A, count per molecule (cpm) histograms determined from sFCS data for TF-Chol, TF-PE, and TF-SM in CHO cells showing higher cpm values for TF-Chol (>1000 curves). B, confocal images of CHO cells labeled with nonflipping Abberior Star Red-PEG-Chol and Abberior Star Red-SM. Scale bars are 10 μm. C, diffusion coefficient of Abberior Star Red-PEG-Chol, Abberior Star Red-PEG-PE, and Abberior Star Red-SM in CHO cells. Data are shown as box-and-whisker plot showing median, first and third quartiles, and all the data values. Number of data points are indicated on the graphs.

Conclusion

Cholesterol fulfils major functions in cell biology by involving signaling and shaping cellular membrane structure. Building more quantitative models for the role of cholesterol in signaling demands a better understanding of its lateral diffusion. Here, we investigated the diffusion of fluorescent cholesterol analogues in both model and cellular membranes using advanced imaging and spectroscopy tools as well as molecular simulations. We found that cholesterol moves only slightly faster (≈1.2 times) than phospholipids and sphingolipids in model membranes that are thermodynamically in equilibrium. However, in live cells and embryos, it diffused significantly faster (≈2 times) than phospholipids and sphingolipids. We found that the slower diffusion of phospho- and sphingolipids (and thus faster diffusion of cholesterol) is not due to membrane domain partitioning. The fluorescent cholesterol analogue TF-Chol showed two diffusional components in live cells; one being similar to freely diffusing fluorescent PE analogue TF-PE and the other being faster. On the other hand, TF-SM also showed two diffusional components; one being similar to TF-PE, whereas the other being slower. This slow diffusional component of TF-SM is an indication of trapping (38). Brightness analysis revealed that the fast diffusional component of TF-Chol was due to heterogeneous localization/positioning of cholesterol within the membrane. This can be due to, for instance, asymmetric partitioning between the inner and outer leaflets of the plasma membrane and localization into the mid-plane of the bilayer (55, 57, 58). This is supported by the similar diffusion of cholesterol and phospholipid analogues when they are localized to the outer leaflet of the cell membrane.

Our results suggest an asymmetric localization and diffusion behavior of cholesterol in the membrane. These findings may be used to shed light on membrane asymmetry and heterogeneity. It will be intriguing to investigate the relationship between the complex diffusion behaviors of cholesterol and the membrane leaflet biophysical properties particularly in the context of membrane asymmetry. Moreover, our findings are crucial for membrane biology and naturally create new questions; how can cholesterol contribute to higher order membrane domain formation with sphingomyelin if their diffusion dynamics are so different and how can raft nanodomains be maintained?
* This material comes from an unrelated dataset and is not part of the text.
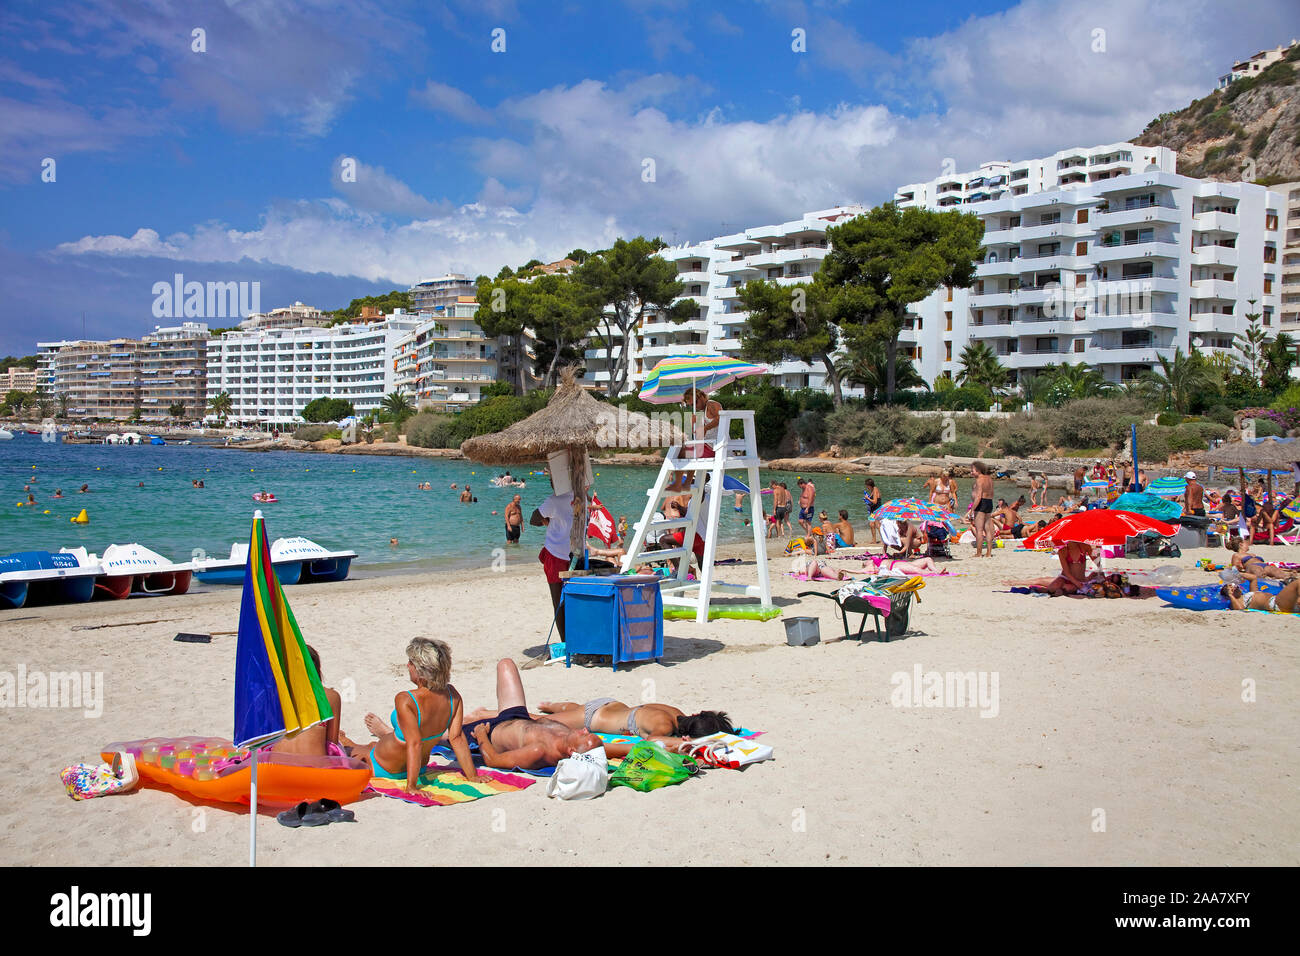 Playa en Santa Ponca, Mallorca, Islas Baearic, España Foto de stock

Are the fast and slow components of SM and Chol different and related to recently reported different forms of SM (59)? Do interactions occur between the fast SM and slow cholesterol, which have similar diffusion dynamics? What is the role of fast-moving cholesterol? Finally how can cholesterol contribute to cellular signaling with such fast diffusion dynamics? Many proteins have been proposed to have a cholesterol binding motif (3, 6, 8, 60, 61). It will also be essential to address how consensus cholesterol-binding motifs have been found in different membrane leaflets and whether it is related to cholesterol leaflet preference (62).

It is important to note that, here we use TF-Chol, a fluorescently-labeled cholesterol analogue that has been proven reliable for many aspects. However, there is still risk of artifacts induced by the fluorescent probe, thus further studies with label-free technologies will be useful to address these vital questions in cell biology. Furthermore, cholesterol localization and flipping may be critical for domain formation as suggested recently (63, 64). Thus, answers to these questions will also contribute to the efforts to understand the functional membrane heterogeneity. Our present measurement and experimental approaches give further guides to solving such long-standing questions.

Experimental procedures

Lipids and fluorescent lipid analogues

We purchased 23-(dipyrrometheneboron difluoride)-24-norcholesterol (TopFluor cholesterol; TF-Chol), 23-(dipyrrometheneboron difluoride)-24-norcholesteryl palmitate (16:0 TF-Chol), 23-(dipyrrometheneboron difluoride)-24-norcholesteryl linoleate (18:2 TF-Chol), 1,2-dioleoyl-sn-glycero-3-phosphocholine (DOPC), TopFluor-sphingomyelin (TF-SM), rhodamine PE, and TopFluor- phosphoethanolamine (TF-PE) from Avanti Polar Lipids. Abberior Star Red-PEG-cholesterol and Abberior Star Red-SM were obtained from Abberior. Cell Mask and NucBlue were obtained from Thermo Fisher Scientific.

Preparation of GUVs

GUVs were prepared with the electroformation method as previously described (65). Briefly, a lipid film was formed on a platinum wire from 1 mg/ml of lipid mix (DOPC). Then, GUVs were formed in 300 mm sucrose solution at room temperature. 10 Hz, 2 V alternative electric current was used for electroformation.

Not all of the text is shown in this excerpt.